3D Secure Iframe Content Security Policy

[Mneroen]

For the 3D Secure iframe to show i had to enable lots of URL-s in my Content Security Policy iframe-src.

If you don't enable these URLs the browser will block the 3D Secure modal with the following error: "Request to the server have been blocked by an extension error"

URLs for 3D Secure iframe to work:

• 3ds-secure.cardcomplete.com
• ecclients.btrl.ro
• bofp.erstebank.hu
• www.clicksafe.lloydstsb.com
• pay.activa-card.com
• 3dsecure-1.wirecard.com
• 3dsecure-2.wirecard.com
• acssv.otpbank.hu
• acs.sia.eu
• idcheck.acs.touchtechpayments.com

Are there any more URLs for the 3D Secure modal?

[crookedneighbor]

Thanks for the report. Looks like our 3ds secure partner made some changes without telling us 😞 .

We'll escalate to them and see if we can mitigate this kind of breaking change in the future, I have a few ideas, but want to experiment and see if they are viable.

[Mneroen]

5 more URLs:

• sicher-bezahlen.sparkasse.at
• secure5.arcot.com
• www.securesuite.co.uk
• bred.wlp-acs.com
• bnpp-3ds.wlp-acs.com

We have another problem. Not every URL works, www.securesuite.co.uk is unreachable for my customers even if i enable it in the content security policy. They can’t pay even if they want to. They get an empty 3D Secure iframe.

[crookedneighbor]

Reach out to our support team so we can report that to our MPI provider: https://help.braintreepayments.com/

[ghost]

@crookedneighbor is there any solution coming soon? /an exhaustive list of URL's to whitelist? This is affecting a lot of our customers, and we've had to disable 3ds in the meantime.

[crookedneighbor]

We are actively working on it.

We do not have a list of all impacted URLs, as the world's issuing banks are responsible for their part of the 3DS workflow and they can change their integrations at any time.

We're exploring serving all of Cardinal's code in a Braintree hosted iframe, but we want to be certain of 2 things:

1) this does not hamper any of Cardinal's code because of it being run within a BT hosted iframe instead of the merchant's page.

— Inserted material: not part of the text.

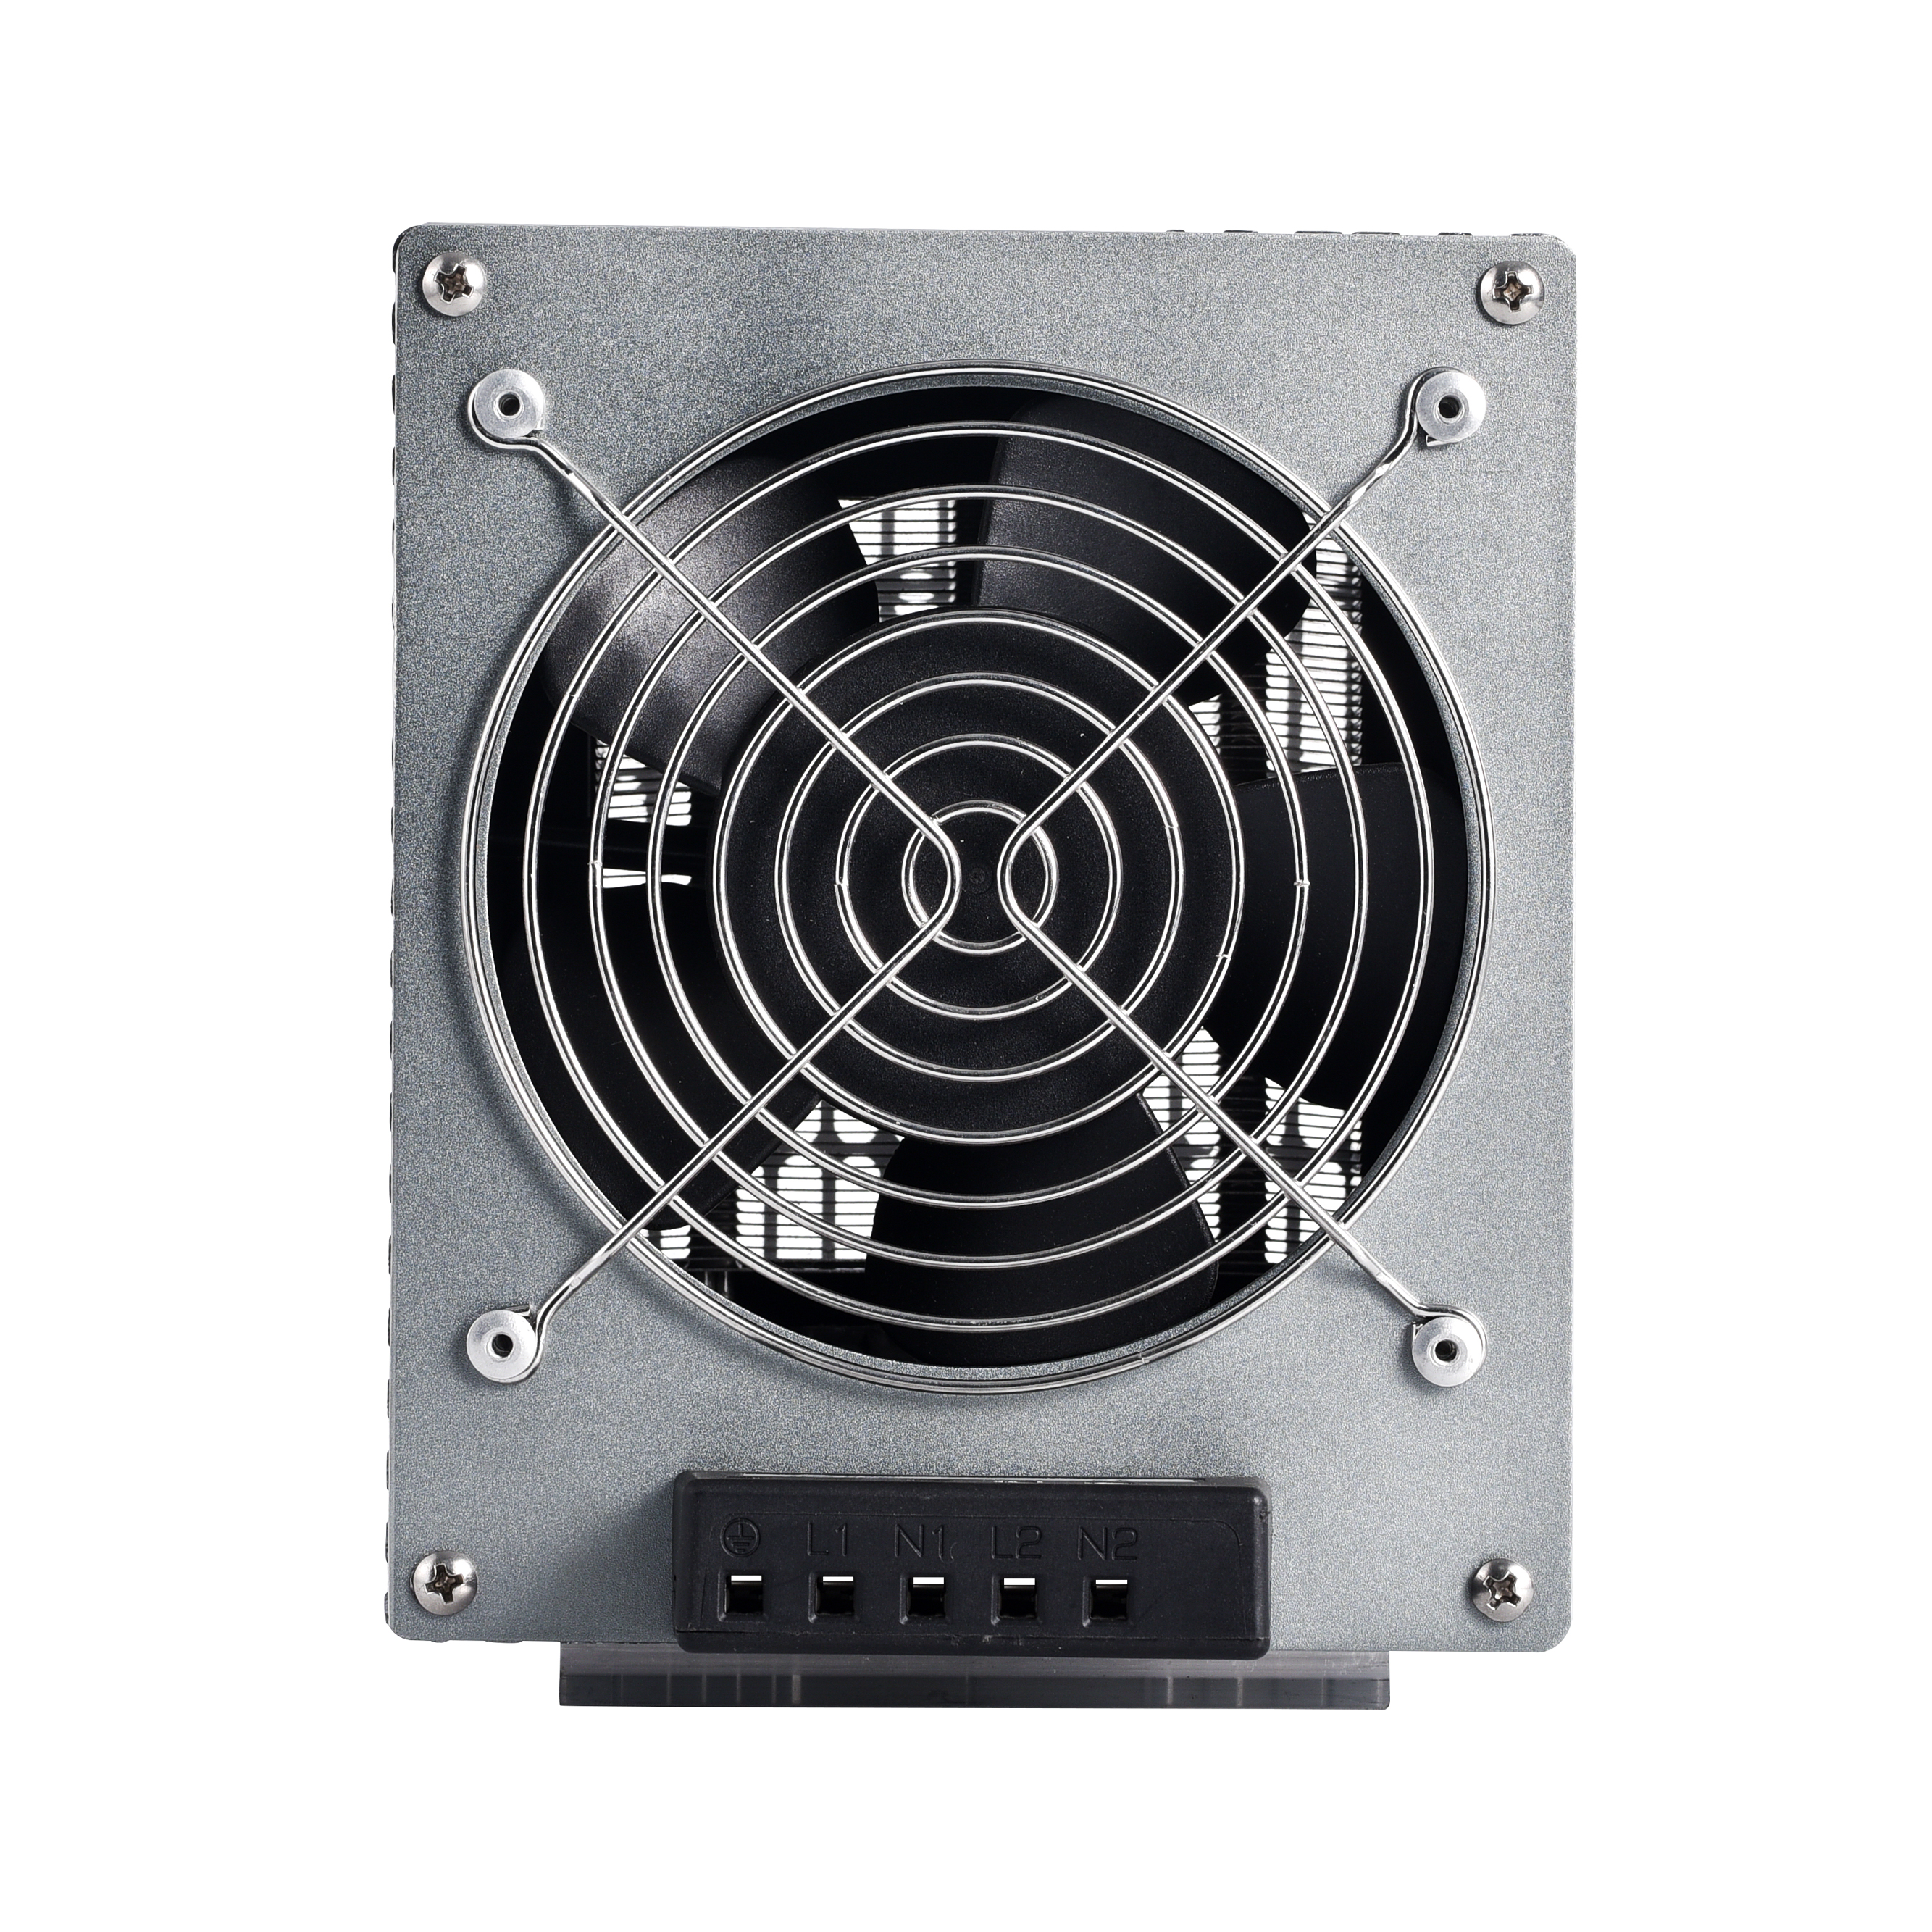 Cabinet fan heater KH150 moisture-proof dehumidification and anti-condensation PTC heater

My assumption is it does not, and in our sandbox testing, it made no difference, but I want confirmation from Cardinal before we release this change into production.

2) that the bank urls in question can be served within a nested iframe. If Cardinal is serving them at the top level instead of within their own iframe because the bank is doing something funky that prevents it from being displayed, then making this change to put everything in a Braintree hosted iframe would not solve the CSP issue and break 3ds for these banks for all merchants not using a CSP.

We've reached out to Cardinal and have communicated the urgency behind the scale of this issue, and we are coordinating with them on next steps. We'll post updates here as we receive them, but we expect investigating and resolving this issue with Cardinal to take some time.

Temporary Workaround

~As a temporary workaround, if you're using the latest sdk, you can remove songbird.cardinalcommerce.com and songbirdstag.cardinalcommerce.com from your script src directive in your content security policy. This will prompt the Braintree SDK to fallback to the v1 flow (which occurs within a Braintree hosted iframe).~

~We'll update here when that workaround can be removed, either because Cardinal fixed the underlying issue on their end or we have released a new version of the SDK that works around it on our end.~

Update: June 8, 2020 - Instead, contact Braintree support (https://help.braintreepayments.com/) with a link to this issue and say you need Cardinal to update your EAF settings.

[ghost]

@crookedneighbor Thank you for the quick update!

We'll implement the temporary workaround and look forward to the release!

To clarify, does this require both the latest Client & Server SDK, or just the Client SDK?

[ghost]

Hi @crookedneighbor - we've tried the above solution and we're still facing issues (updated web client (drop in) to 1.22.1).

We're still getting CSP violations from frame-src - example verify.monzo.com our frame-src: frame-src ssl.kaptcha.com assets.braintreegateway.com *.paypal.com;

Is there something we're missing, and is there any update on a release to fix the issue?

[crookedneighbor]

@dcwaite are you experiencing the exact same issue? or is it manifesting differently at all?

If it's the exact same issue, can you share your script-src rules?

If it's manifesting differently, that would indicate to me that there could be an issue with verify.monzo.com (and other bank acs urls).

Regardless, please contact our support team so we can look up TXN ids to send to our MPI provider for troubleshooting.

https://help.braintreepayments.com/

is there any update on a release to fix the issue?

We are doing 2 things:

1) Working with our MPI provider to see if they can fix the underlying issue on their/the bank's end 2) Writing a workaround to address this on our end.

The holdup with our workaround is it's not clear if releasing this would affect how often the challenge is shown, and if the underlying issue is actually on the individual bank's end, which could result in problems with CSP users as well as those without a CSP.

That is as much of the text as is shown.